I am trying to find the smallest index containing the value i in a sorted array. If this i value is not present I want -1 to be returned. I am using a binary search recursive subroutine. The problem is that I can't really stop this recursion and I get lot of answers(one right and the rest wrong). And sometimes I get an error called "segmentation fault: 11" and I don't really get any results.

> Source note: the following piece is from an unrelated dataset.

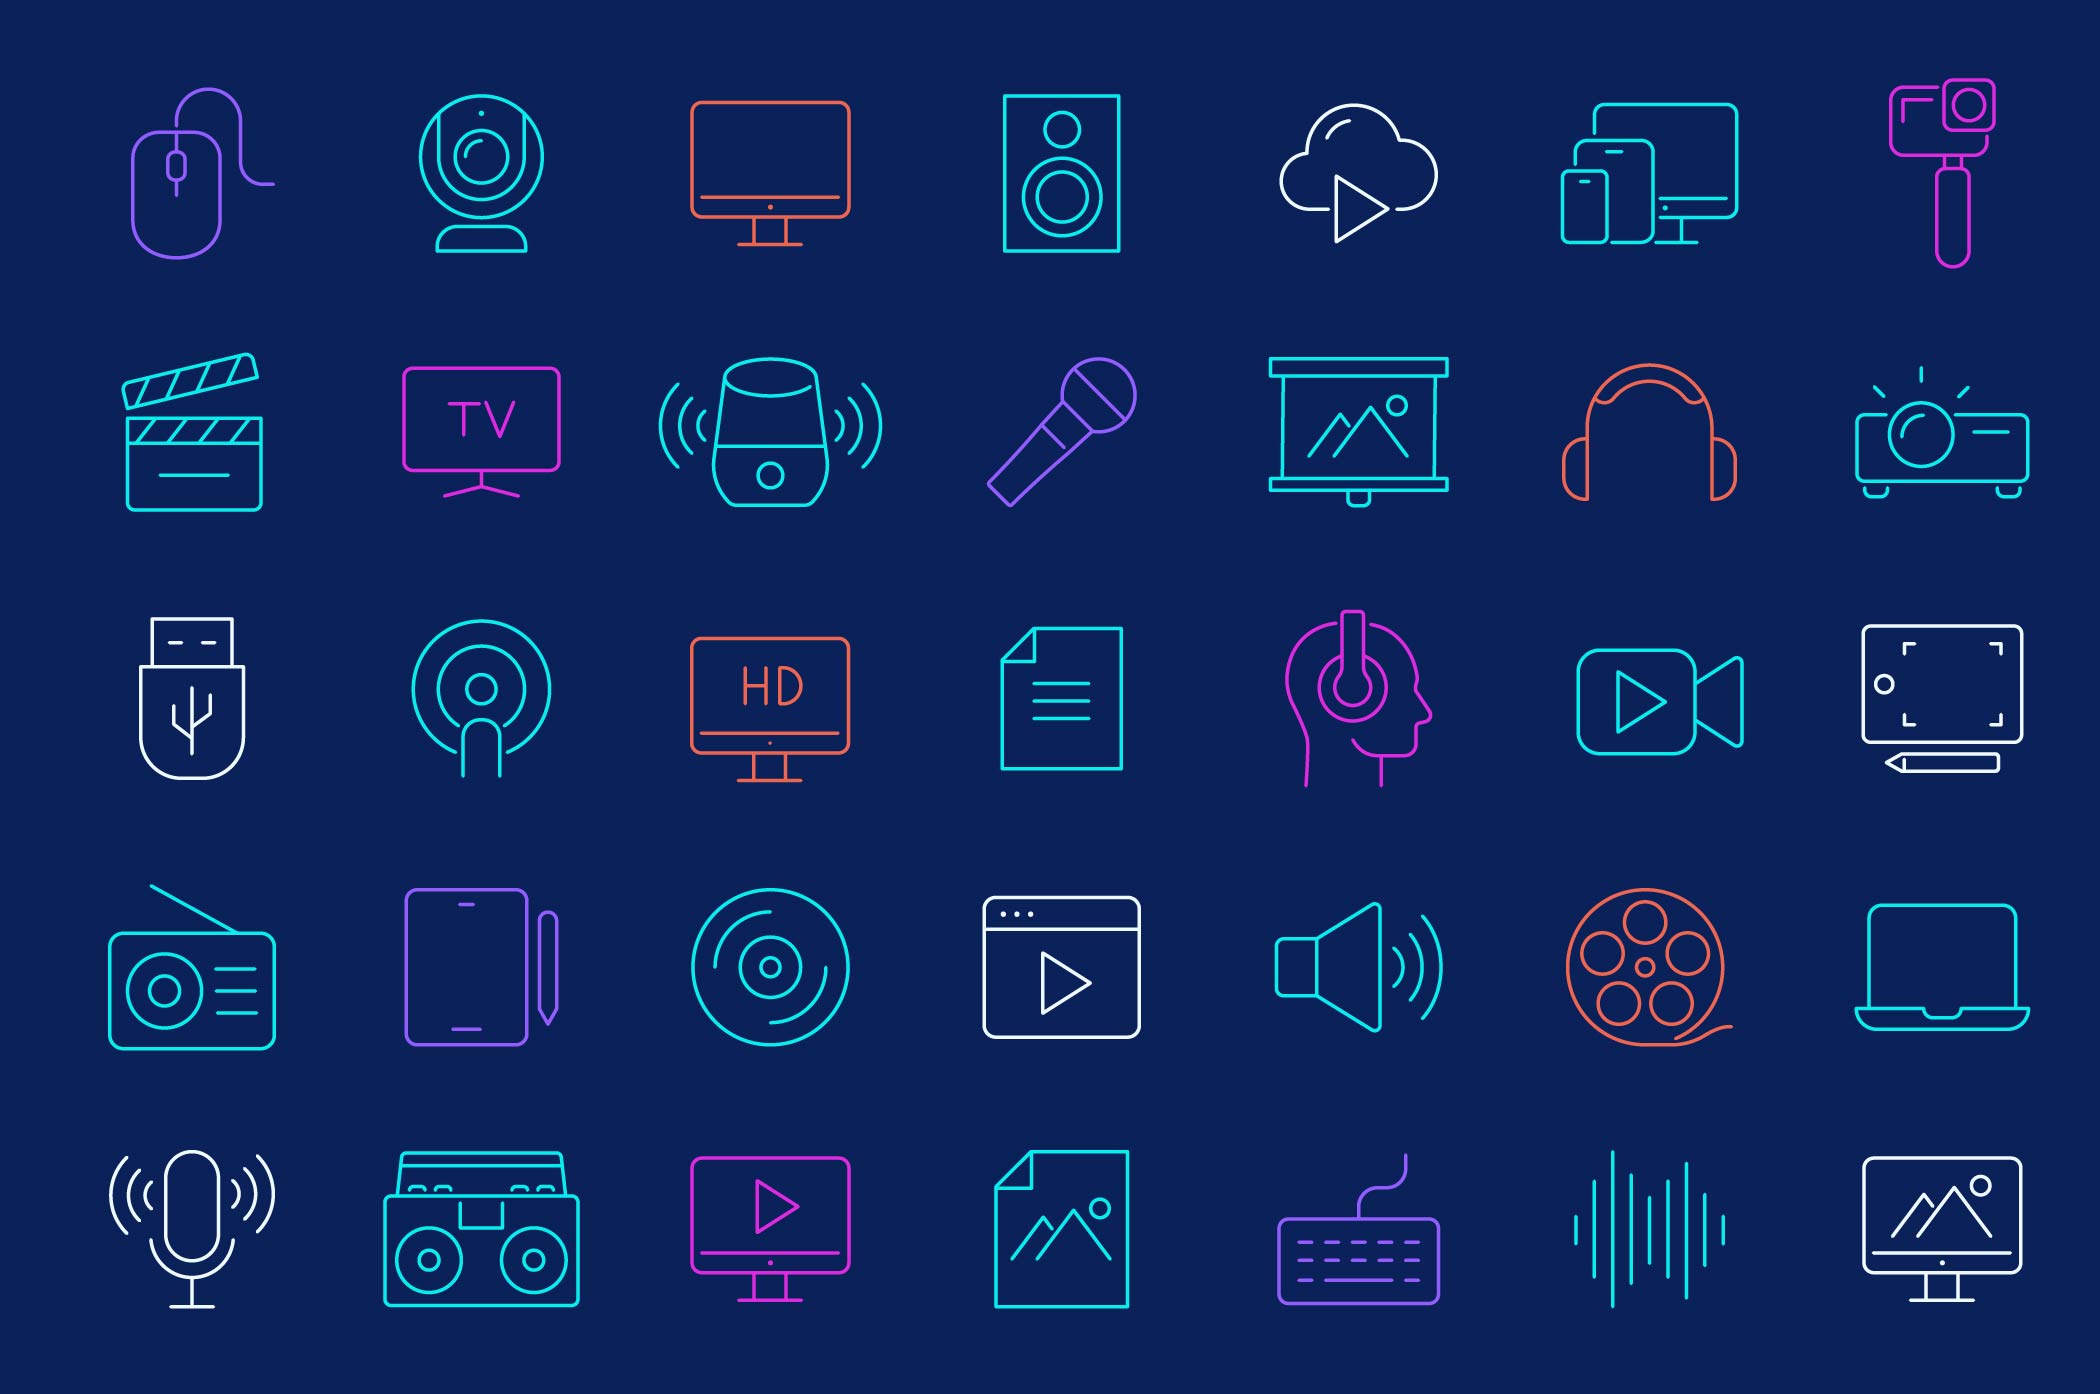 event technology icons with mics, speakers, live streaming, videos, tvs

I've tried to delete this call random_number since I already have a sorted array in my main program, but it did not work.
program main
implicit none
integer, allocatable :: A(:)
real :: MAX_VALUE
integer :: i,j,n,s, low, high
real :: x
N= 10 !size of table
MAX_VALUE = 10
allocate(A(n))
s = 5 ! searched value
low = 1 ! lower limit
high = n ! highest limit
!generate random table of numbers (from 0 to 1000)
call Random_Seed
do i=1, N
call Random_Number(x) !returns random x >= 0 and <1
A(i)= anint(MAX_VALUE*x)
end do
call bubble(n,a)
print *,' '
write(*,10) (a(i),i=1,N)
10 format(10i6)
call bsearch(A,n,s,low,high)
deallocate(A)
end program main
The sort subroutine:
subroutine sort(p,q)
implicit none
integer(kind=4), intent(inout) :: p, q
integer(kind=4) :: temp
if (p>q) then
temp = p
p = q
q = temp
end if
return
end subroutine sort
The bubble subroutine:
subroutine bubble(n,arr)
implicit none
integer(kind=4), intent(inout) :: n
integer(kind=4), intent(inout) :: arr(n)
integer(kind=4) :: sorted(n)
integer :: i,j
do i=1, n
do j=n, i+1, -1
call sort(arr(j-1), arr(j))
end do
end do
return
end subroutine bubble
recursive subroutine bsearch(b,n,i,low,high)
implicit none
integer(kind=4) :: b(n)
integer(kind=4) :: low, high
integer(kind=4) :: i,j,x,idx,n
real(kind=4) :: r
idx = -1
call random_Number(r)
x = low + anint((high - low)*r)
if (b(x).lt.i) then
low = x + 1
call bsearch(b,n,i,low,high)
else if (b(x).gt.i) then
high = x - 1
call bsearch(b,n,i,low,high)
else
do j = low, high
if (b(j).eq.i) then
idx = j
exit
end if
end do
end if
! Stop if high = low
if (low.eq.high) then
return
end if
print*, i, 'found at index ', idx
return
end subroutine bsearch
The goal is to get the same results as my linear search. But I'am getting either of these answers.
Sorted table:
1 1 2 4 5 5 6 7 8 10
5 found at index 5
5 found at index -1
5 found at index -1
or if the value is not found
2 2 3 4 4 6 6 7 8 8
Segmentation fault: 11

There are a two issues causing your recursive search routine bsearch to either stop with unwanted output, or result in a segmentation fault. Simply following the execution logic of your program at the hand of the examples you provided, elucidate the matter:
1) value present and found, unwanted output
First, consider the first example where array b contains the value i=5 you are searching for (value and index pointed out with || in the first two lines of the code block below). Using the notation Rn to indicate the the n'th level of recursion, L and H for the lower- and upper bounds and x for the current index estimate, a given run of your code could look something like this:
b(x): 1 1 2 4 |5| 5 6 7 8 10
x: 1 2 3 4 |5| 6 7 8 9 10
R0: L x H
R1: Lx H
R2: L x H
5 found at index 5
5 found at index -1
5 found at index -1
In R0 and R1, the tests b(x).lt.i and b(x).gt.i in bsearch work as intended to reduce the search interval. In R2 the do-loop in the else branch is executed, idx is assigned the correct value and this is printed - as intended. However, a return statement is now encountered which will return control to the calling program unit - in this case that is first R1(!) where execution will resume after the if-else if-else block, thus printing a message to screen with the initial value of idx=-1. The same happens upon returning from R0 to the main program. This explains the (unwanted) output you see.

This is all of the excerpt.